Analysis of Composition of Microbiomes with Bias Correction

Apply Analysis of Compositions of Microbiomes with Bias Correction (ANCOM-
BC) to identify features that are differentially abundant across groups.

Parameters
----------
table : FeatureTable[Frequency]
    The feature table to be used for ANCOM-BC computation.
metadata : Metadata
    The sample metadata.
formula : Str
    How the microbial absolute abundances for each taxon depend on the
    variables within the `metadata`.
p_adj_method : Str % Choices('holm', 'hochberg', 'hommel', 'bonferroni', 'BH', 'BY', 'fdr', 'none'), optional
    Method to adjust p-values.
prv_cut : Float, optional
    A numerical fraction between 0-1. Taxa with prevalences less than this
    value will be excluded from the analysis.
lib_cut : Int, optional
    A numerical threshold for filtering samples based on library sizes.
    Samples with library sizes less than this value will be excluded from
    the analysis.
reference_levels : List[Str], optional
    Define the reference level(s) to be used for categorical columns found
    in the `formula`. These categorical factors are dummy coded relative to
    the reference(s) provided.
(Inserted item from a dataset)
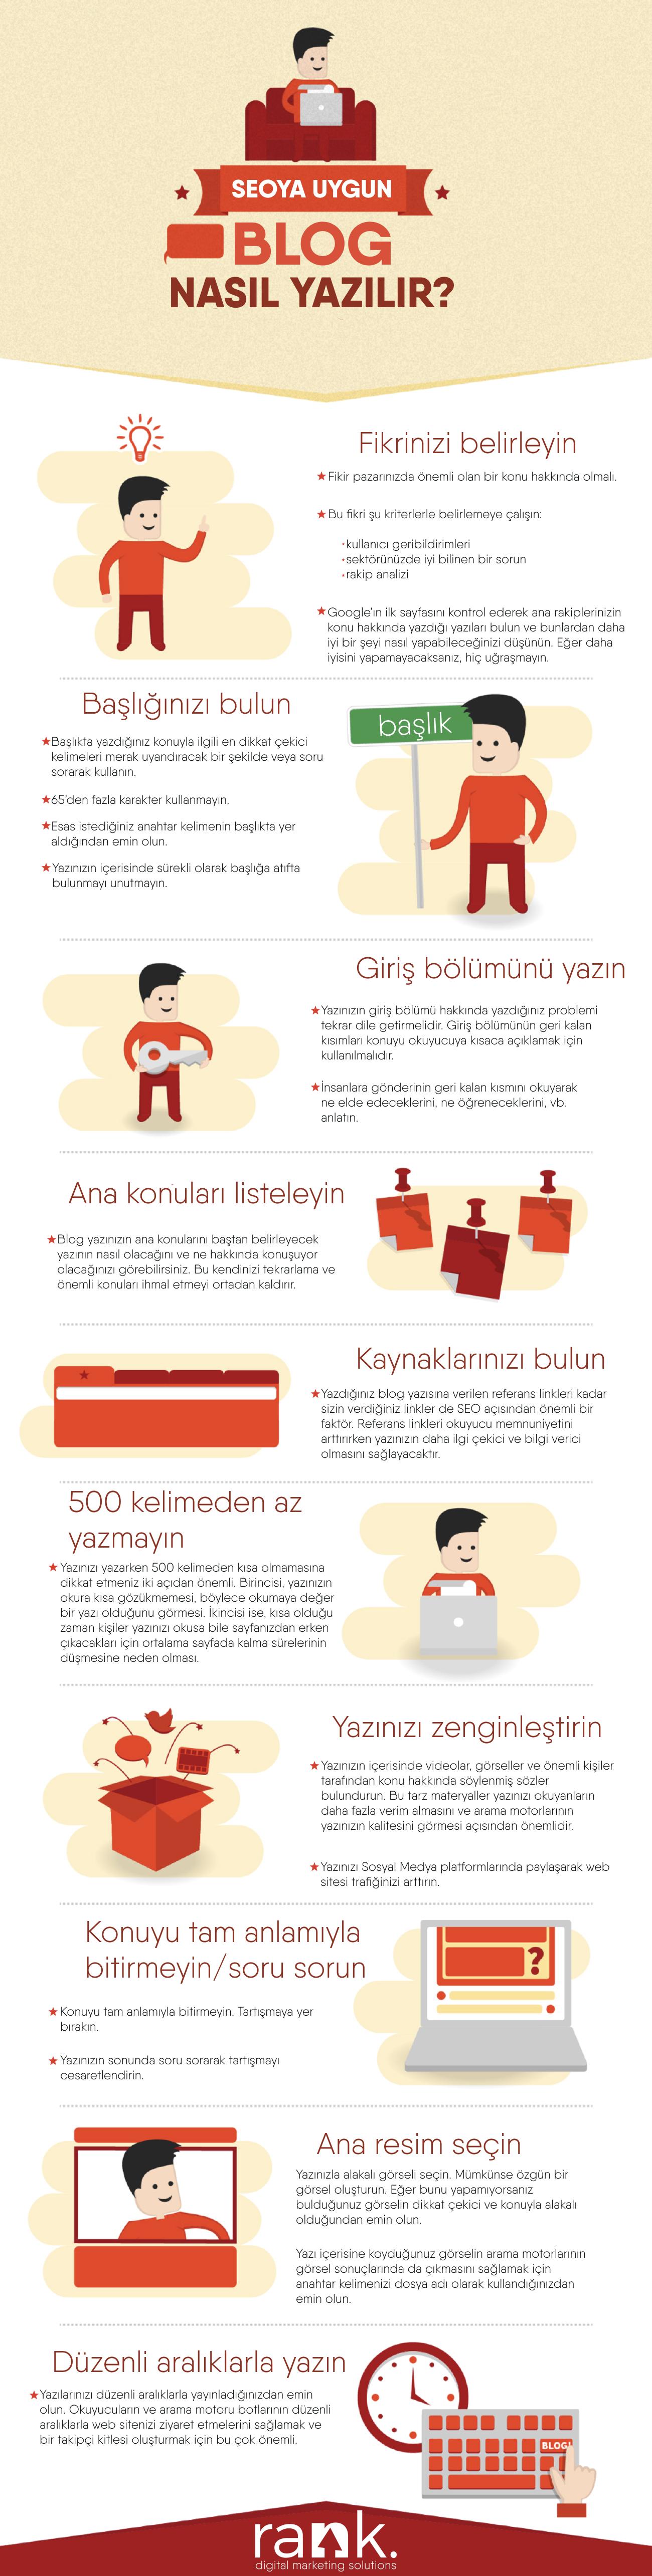 seoya-uygun-blog-yazisi-nasil-yazilir

The syntax is as follows:
    "column_name::column_value"
tol : Float, optional
    The iteration convergence tolerance for the E-M algorithm.
max_iter : Int, optional
    The maximum number of iterations for the E-M algorithm.
conserve : Bool, optional
    Whether to use a conservative variance estimator for the test
    statistic. It is recommended if the sample size is small and/or the
    number of differentially abundant taxa is believed to be large.
alpha : Float, optional
    Level of significance.

Returns
-------
differentials : FeatureData[DifferentialAbundance]
    The calculated per-feature differentials.